4. The accounts of the Company are prepared on a `going concern
concept basis.
AUDITORS & AUDIT REPORT
M/s B K Ramadhyani and Co., Chartered Accountants, Auditors of the
Company hold office as Auditors until the conclusion of the ensuing
Annual General Meeting and are eligible for re-appointment and have
expressed their willingness to continue as auditors, if re-appointment.
In response to the qualifications of the Auditors in their report, your
directors wish to state as follows:
Point 4(f) and Point 11 of annexure in Auditors Report
An application has been made to the Debenture holders seeking
Re-phasement of Repayment/Redemption and waiver of interest and
resultantly these amounts are not due for Redemptions.
Point 4(g) and Point 10 of annexure in Auditors Report
The management is of the belief that the operations can be revived and
made profitable by increasing the operational efficiency and the
ability to obtain future contracts on consultancy basis The management
is of the belief that it can obtain a favorable order from high court
of Bombay and repossess the confiscated goods imported under EPCG
Scheme along with waiver of the fine, export obligations and refund of
deposit.
Point 5(a) in Auditors Report The Company had sent formal requests to
debtors and creditors for confirmation of balances. In spite of earnest
efforts made by the company, most of the debtors/creditors have not
responded confirming the same. The same has been mentioned also in Note
2, Schedule 17.
Point 5(b) in Auditors Report : The appeal filed with the Ministry of
Commerce on the conditions imposed under the EPCG scheme is pending
disposal. The Company had filed a writ in the High Court of Karnataka
to hasten the hearing of the appeal pending with the DGFT. The same has
been mentioned also in Schedule 17.
Point 7 of Annexure to Auditors Report
The Company is going through a turbulent period and all expenses have
been pared to the minimum. Once the cash flows become smooth, the
Company will comply.
Point 9 (a) & (c) of Annexure to Auditors Report
There has been a delay in remittance of statutory dues only on certain
months, which were basically due to tight cash flows and in respect of
service tax payable the company has paid in due course.
AUDIT COMMITTEE
The Board of Directors has constituted an Audit Committee pursuant to
the provisions of Section 292A of the Companies Act, 1956 read with
Clause 49 of the listing Agreement
consisting of Mr. B P Ravishankar, Mr. Mohan Krishnan and Mr. Gautam
Chowdhury, as members, under the Chairmanship of Mr. B P Ravishankar.

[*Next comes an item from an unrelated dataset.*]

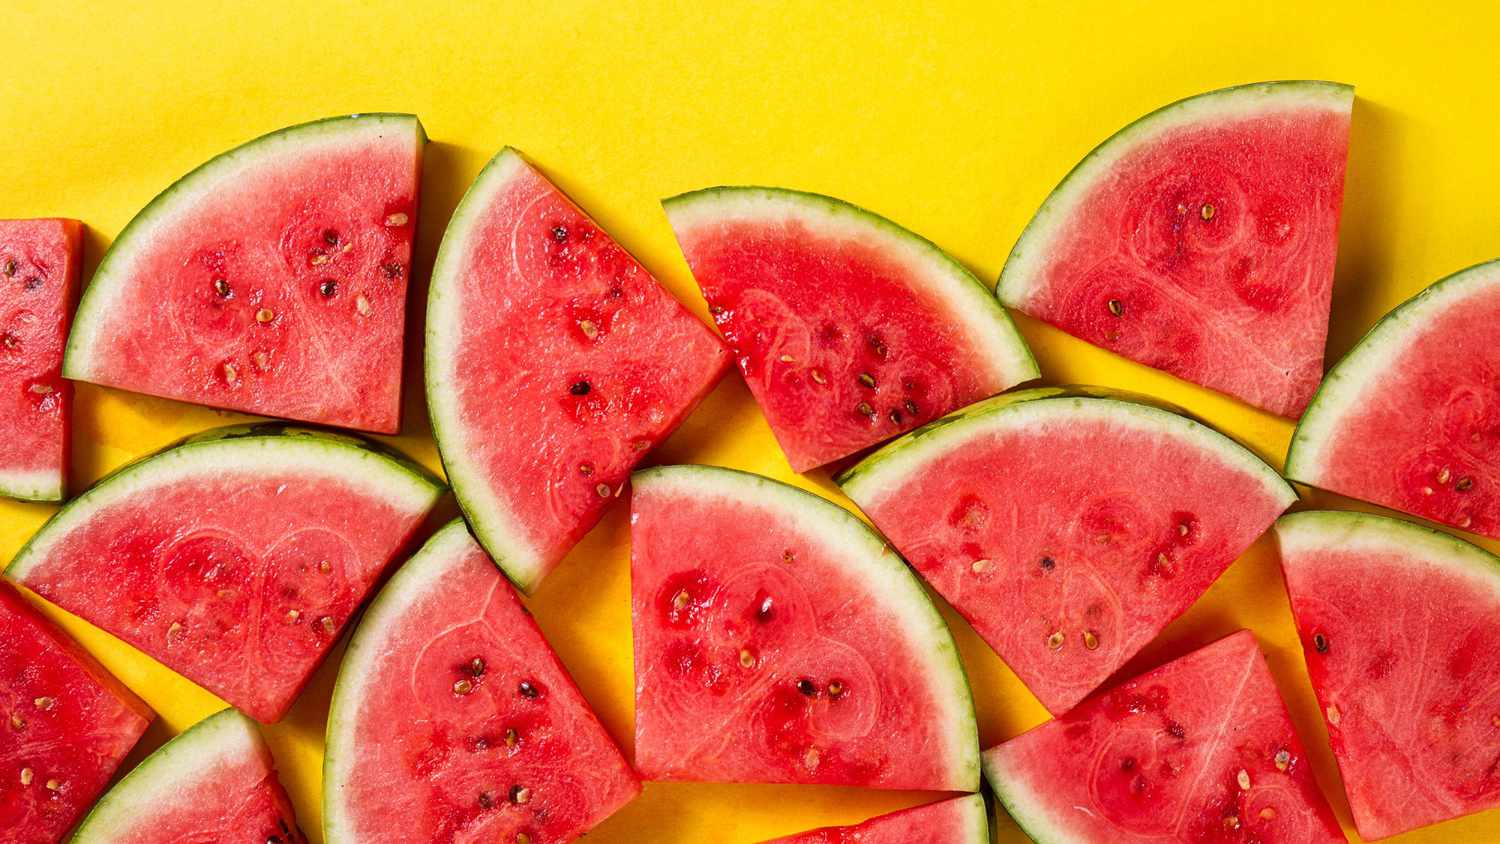 How to Preserve Watermelons: A Step-by-Step Guide
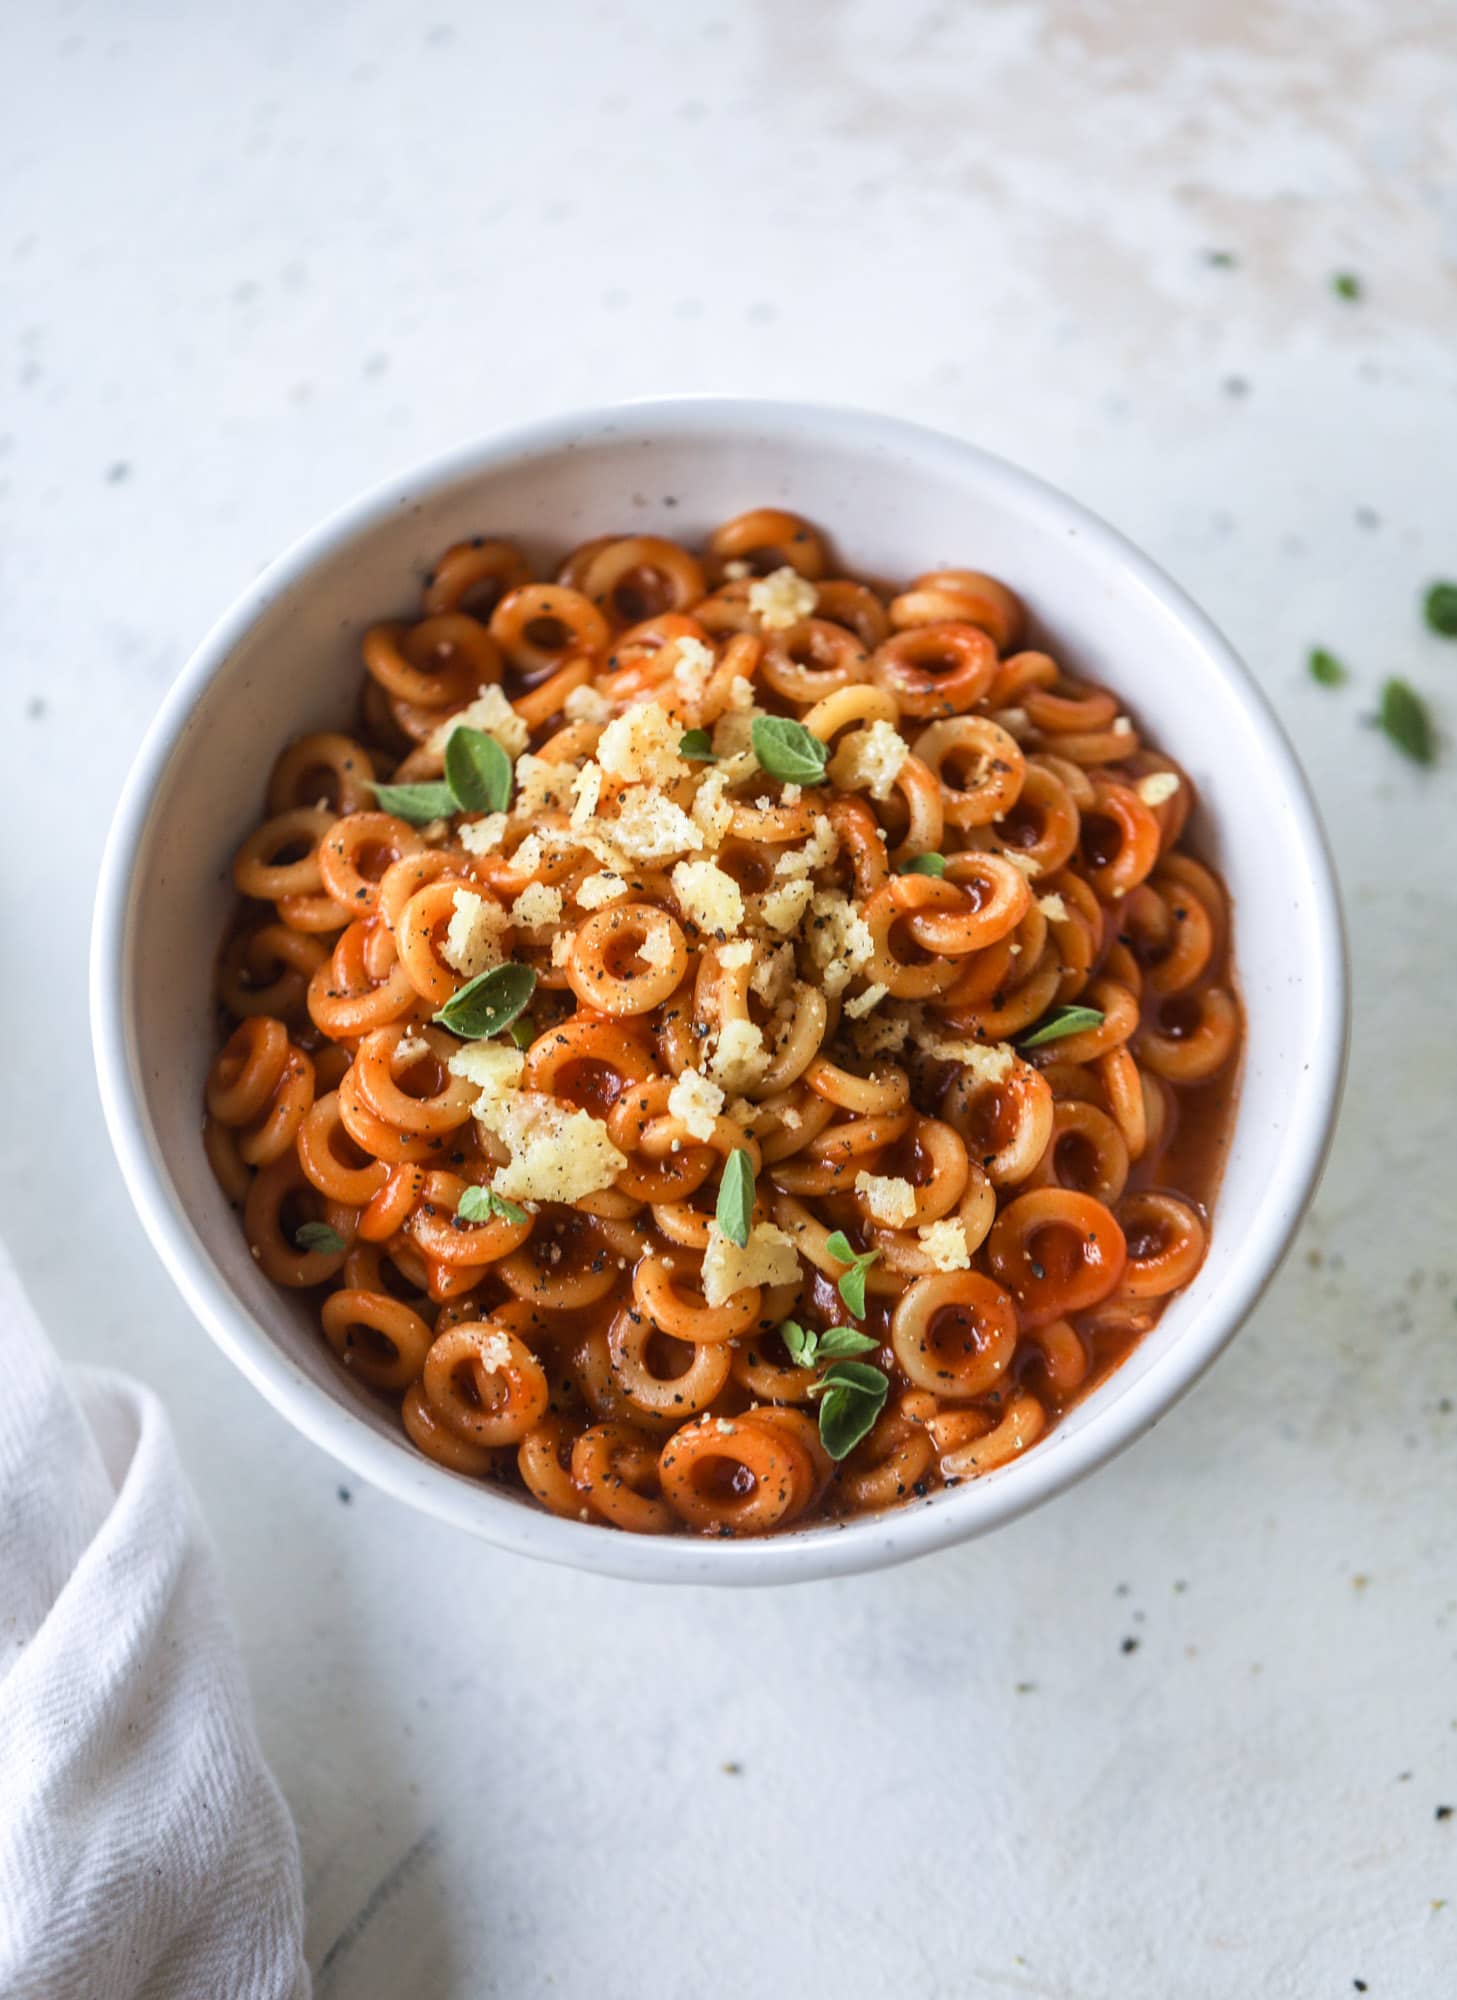 These homemade spaghettios are the ultimate comfort food! They come together in less than 30 minutes, are super easy and flavorful and topped with crispy crunchy manchego cheese that takes the taste over the top! I howsweeteats.com #homemade #spaghettios

LISTING AGREEMENT REQUIREMENTS
The Companys shares are listed on Bangalore Stock Exchange, The
Hyderabad Stock Exchange and The Stock Exchange of Mumbai.
CORPORATE GOVERNANCE:
The report on compliances of the corporate governance code is Annexed
herewith as Annexure A. Auditors report on the same is also annexed
herewith.
PERSONNEL
None of the employees of the Company are drawing remuneration in excess
of limits specified under Section 217 (2A) of the Companies Act, 1956
read with the Companies (Particulars of Employees) Rules, 1975.
CONSERVATION OF ENERGY, TECHNOLOGY ABSORPTION, FOREIGN EXCHANGE
EARNINGS AND OUTGO
The information as required under Section 217(1)(e) of the Companies
Act, 1956 is enclosed as Annexure B to this report.
ACKNOWLEDGEMENTS
The Board of Directors take this opportunity to express their
appreciation to the employees at all levels in the Company for their
dedicated service. Your Directors also thank the Bankers, KSFC and the
customers for their unstinted support to the Company.
By Order of the Board
FOR ODYSSEY VIDEO COMMUNICATIONS LIMITED.